Йохансен в нерешительности отпустил кнопку. Плечи Бьорна поникли. После этих двух ужасных дней Йохансен не мог не восхищаться профессиональными навыками комиссара. Алкоголь их не притупил. Йохансен чувствовал, что отстранение Бьорна от работы скажется на расследовании не лучшим образом. Крагсет, несмотря на весь свой опыт и успешную деятельность, мог утонуть в водовороте этих многочисленных убийств. Однако разум инспектора, а также его неуклонная привычка следовать правилам и соблюдать субординацию требовали от него держаться от Бьорна на расстоянии. Итак, он снова нажал на кнопку рации и принялся отдавать распоряжения.
Бьорн положил одну руку ему на плечо, а другой взял за руку Анжелу:
— Я о ней позабочусь.
Глава 18
Некогда населенная всевластными торговцами, которые диктовали свои правила всему миру, ныне эта область замкнулась в себе. Здешние люди жили мирно, в условиях относительной протекционистской автаркии. Нефтяные танкеры, бороздившие Северное море, не имели ничего общего с древними драккарами. Вдоль берегов горели огромные нефтяные факелы, озарявшие морскую гладь. Эти далекие огни, равнодушные к штормам, успокаивали викинговскую душу современного жителя. Однако дома на побережье по-прежнему были деревянными. Нередки были случаи, когда пламя пожирало один или два из них. Из поколения в поколение передавались воспоминания об охваченном пламенем Бергене. Но каждый раз на пепелище старых домов возводились новые постройки — гордыня людей средневековой Ганзы по-прежнему была жива.

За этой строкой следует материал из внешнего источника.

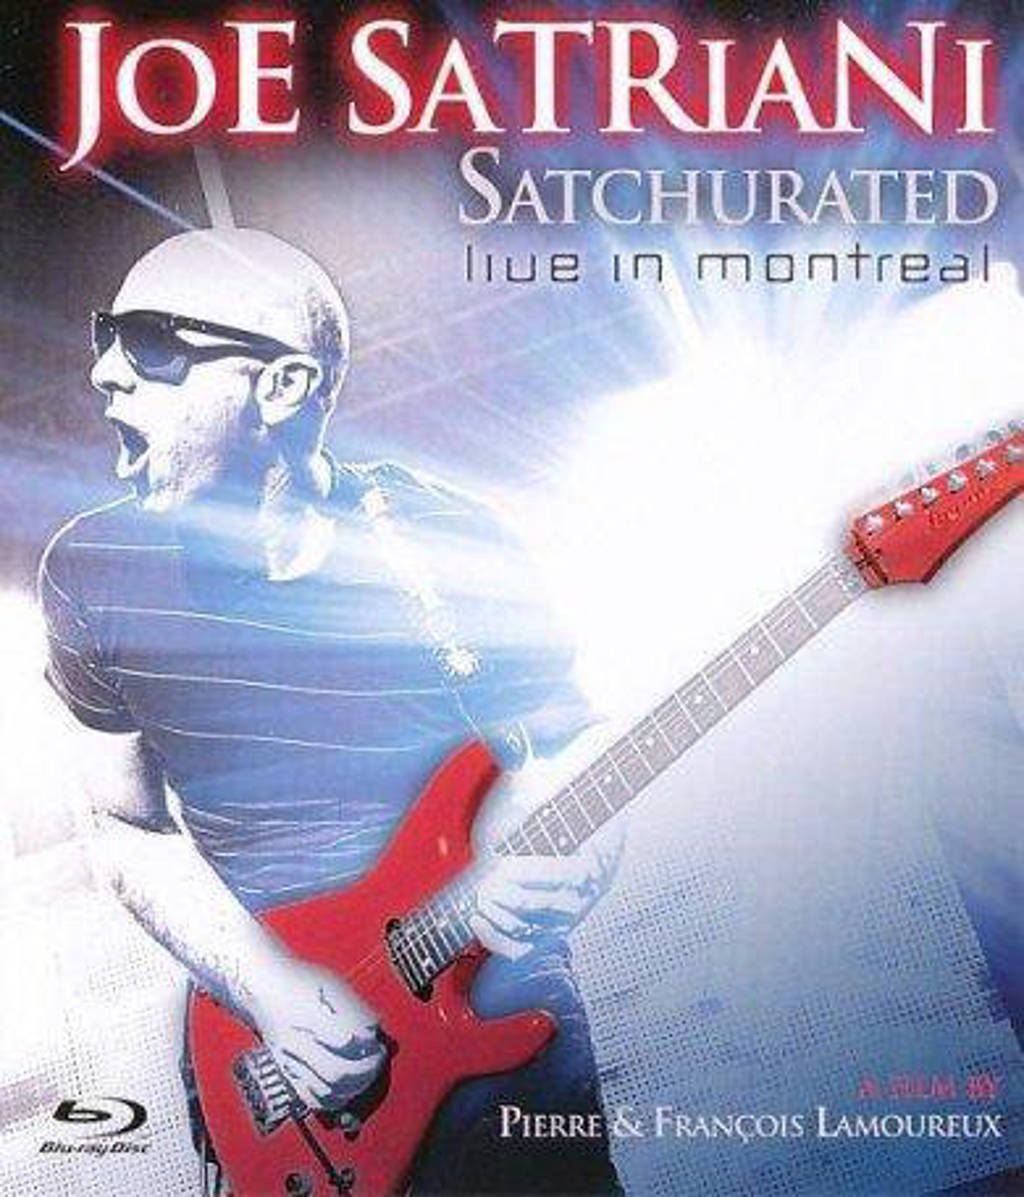 Joe Satriani - Satchurated: Live In Montreal (Blu-ray)

Предки близнецов владели половиной одной из улиц этого города-лабиринта, горделиво возвышавшегося над побережьем. На протяжении веков следующие поколения перебирались все ближе к югу, много раз начиная все с нуля. Наконец семья обосновалась на краю огромной портовой зоны Осло — как можно дальше от запахов рыбы. Дом был построен в точности по образцу тех, что строились в Бергене: в той его части, что была обращена к набережной, располагалась торговая лавка, впоследствии превратившаяся в магазин для новобрачных, — с узким фасадом и высокой остроконечной крышей, стиснутая между двумя хозяйственными пристройками. Сразу за этим строением с прямыми безыскусными очертаниями начиналось маленькое деревянное королевство семьи: анфилада мастерских, галереи, витые лестницы и резные балкончики, за которыми располагались небольшие жилые комнаты. На протяжении десятилетий дом обрастал многочисленными пристройками, с трудом удерживаясь в границах прилегающей к нему улицы; над последним этажом оба непомерно разросшихся фасада смыкались. Стоя рядом с домом на улице и запрокинув голову, можно было увидеть странную, абсолютно искаженную перспективу.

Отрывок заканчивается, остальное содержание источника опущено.